Mount Maculod | |
---|---|
Mount Maculot | |
Highest point | |
Elevation | 957 m (3,140 ft) |
Prominence | 609 m (1,998 ft) |
Coordinates | 13°55′N121°03′E / 13.917°N 121.050°E |
Geography | |
Country | Philippines |
Region | Calabarzon |
Province | Batangas |
City/municipality | Cuenca |
Geology | |
Mountain type | Stratovolcano |
Volcanic arc/belt | Macolod Corridor |
Last eruption | Unknown |
Climbing | |
Easiest route | from Cuenca town center |
Mount Macolod (other spelling: Maculot) is a dormant stratovolcano located in the municipality of Cuenca, Batangas in the Philippines. Popular with mountain climbers and campers, it is the main tourist attraction of Cuenca.
The mountain is sacred to both Christians and Anitists. Every year on Holy Week, thousands of pilgrims from nearby towns and provinces climb the mountain as a form of penance.
The mountain is about 947 meters (3,107 ft) tall and is also located adjacent to Taal Lake. Mount Macolod and its 700-meter (2,300 ft) high volcanic rock wall called The Rockies are said to be part of Taal Caldera's crater rim. [1]
Based on studies on Taal, it is believed that an ancient Taal Cone was formed by buildup of large volume dacitic pyroclastic materials more than 140,000 years ago. Several major catastrophic eruptions probably between 27,000 and 5,000 years ago destroyed this greater Taal Cone and ultimately formed the 25-by-30-kilometre (16 mi × 19 mi) wide depression now known as Taal Caldera. This depression was filled by water, thus forming a lake. The younger Volcano Island was formed by numerous explosive hydrovolcanic eruptions in the middle of the lake after the collapse. [2]
The slopes of the previous volcano now formed ridges surrounding the lake.
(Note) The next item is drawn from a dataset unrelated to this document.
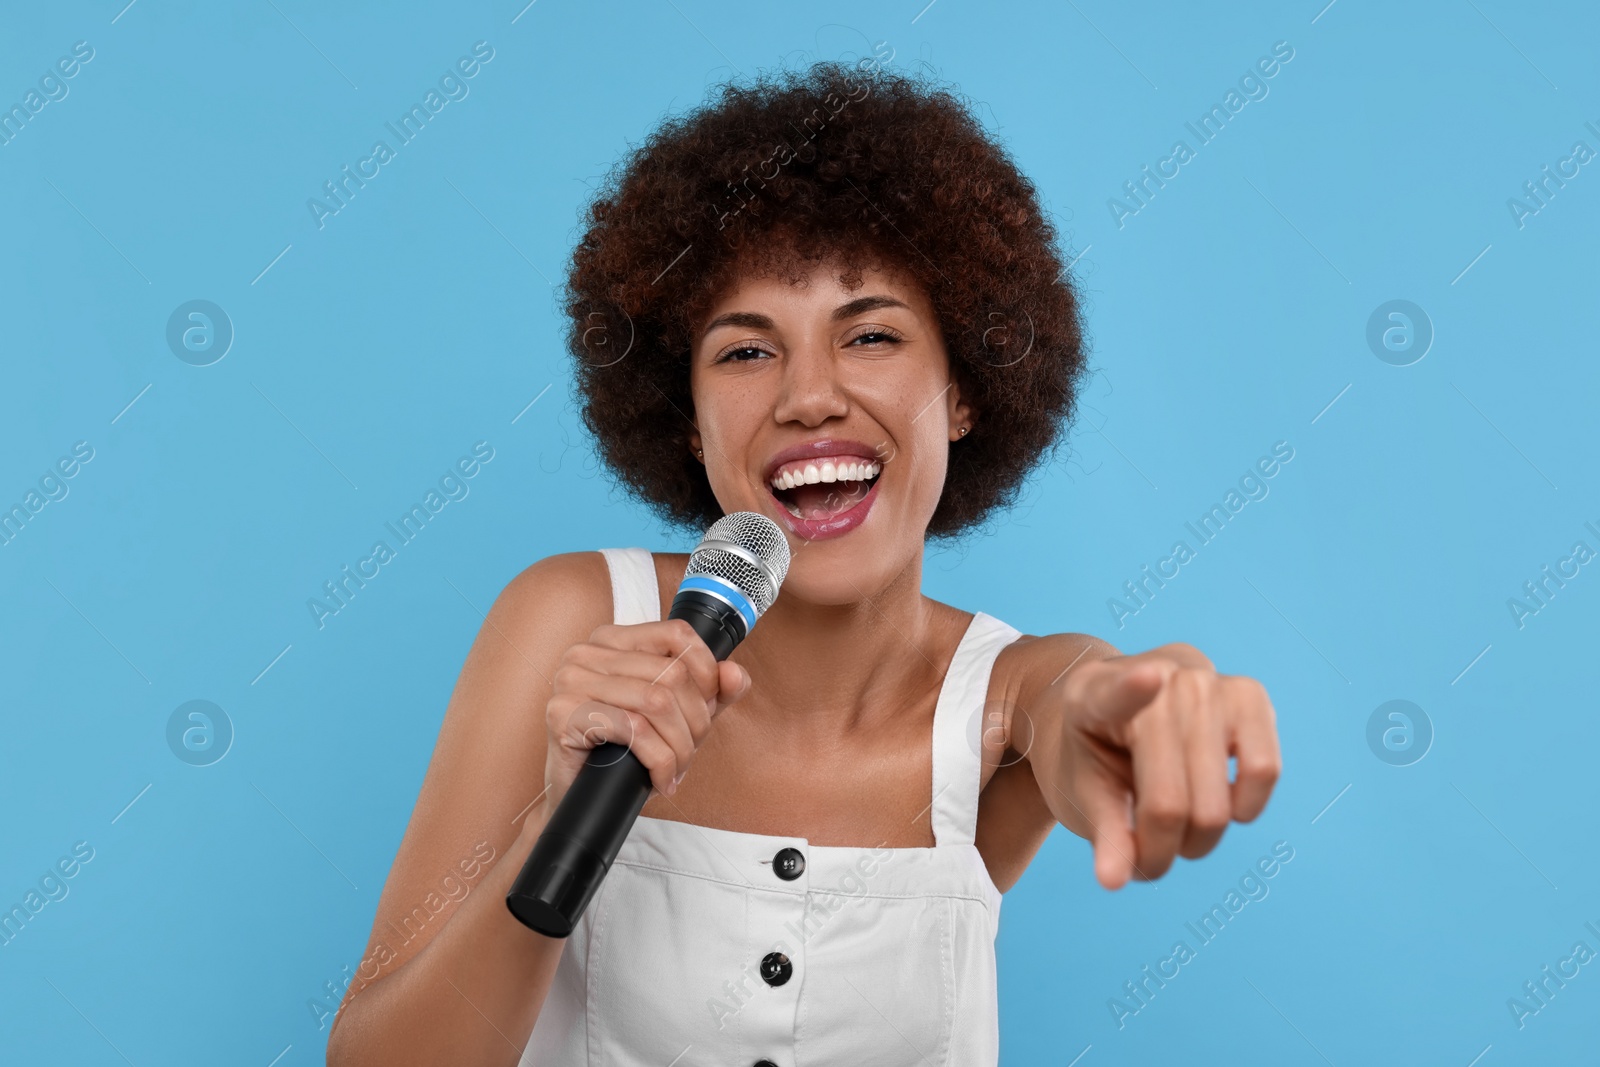 Photo of Curly young woman with microphone singing on light blue background

Mount Macolod is not only a volcanic cone on the south side but also the highest caldera rim of the former Taal Cone. Tagaytay Ridge, to the north, is the northern rim of the caldera with Mount Sungay its highest elevation.
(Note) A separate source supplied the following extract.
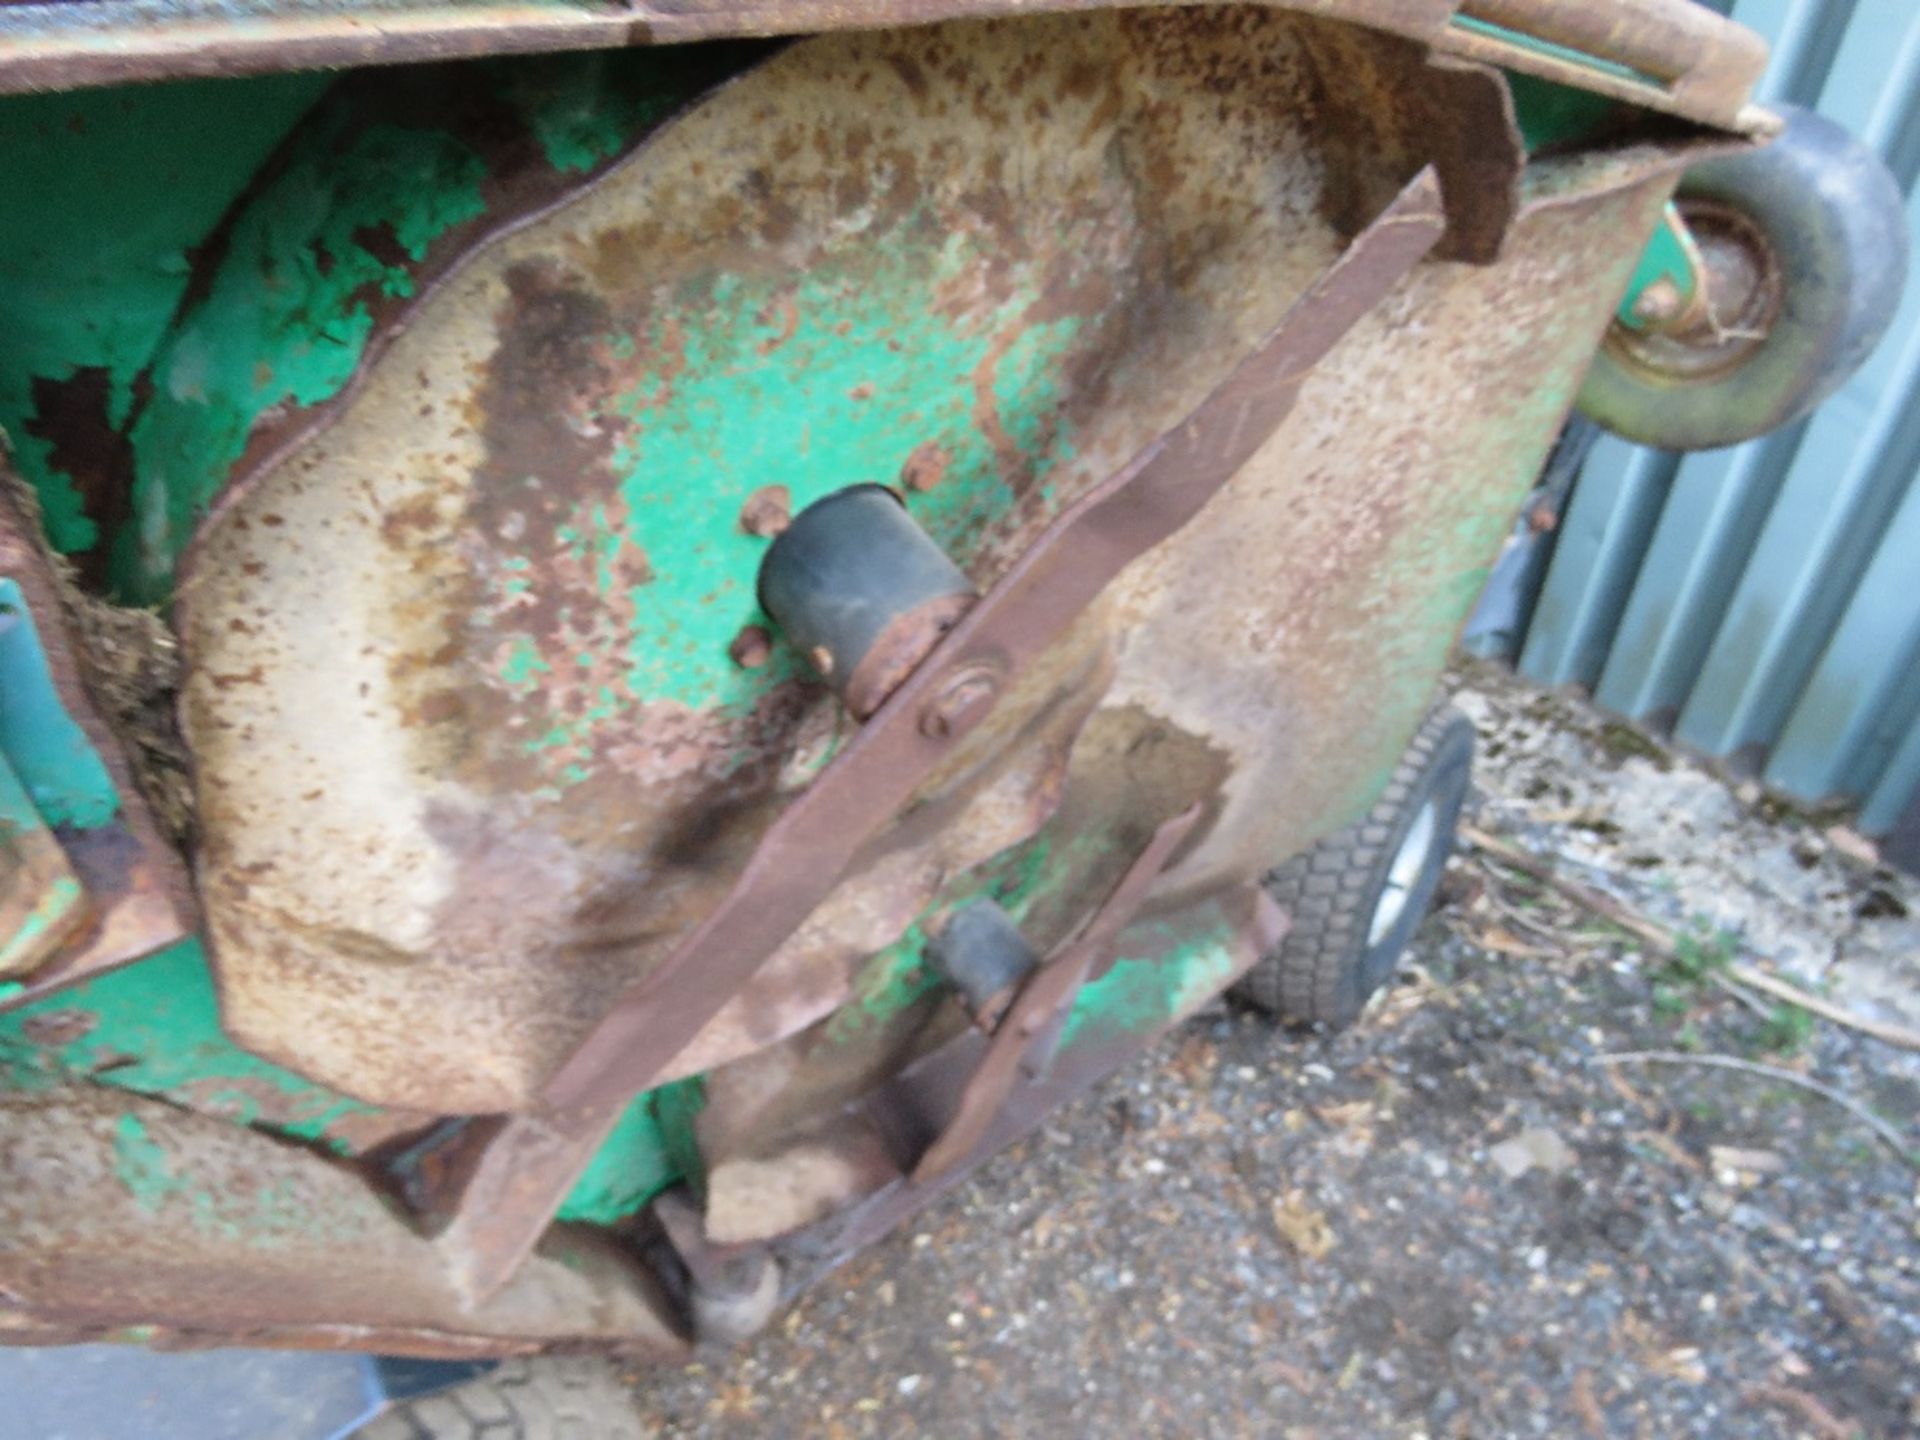 RANSOMES HR6010RAN BATWING MOWER REG:DX09 LTZ (LOG BOOK TO APPLY FOR) 3403 REC HRS. WHEN TESTED WA - Image 10 of 12

A caldera is a large cauldron-like hollow that forms shortly after the emptying of a magma chamber in a volcanic eruption. An eruption that ejects large volumes of magma over a short period of time can cause significant detriment to the structural integrity of such a chamber, greatly diminishing its capacity to support its own roof, and any substrate or rock resting above. The ground surface then collapses into the emptied or partially emptied magma chamber, leaving a large depression at the surface. Although sometimes described as a crater, the feature is actually a type of sinkhole, as it is formed through subsidence and collapse rather than an explosion or impact. Compared to the thousands of volcanic eruptions that occur over the course of a century, the formation of a caldera is a rare event, occurring only a few times within a given window of 100 years. Only eight caldera-forming collapses are known to have occurred between 1911 and 2018, with a caldera collapse at Kīlauea, Hawaii in 2018. Volcanoes that have formed a caldera are sometimes described as "caldera volcanoes".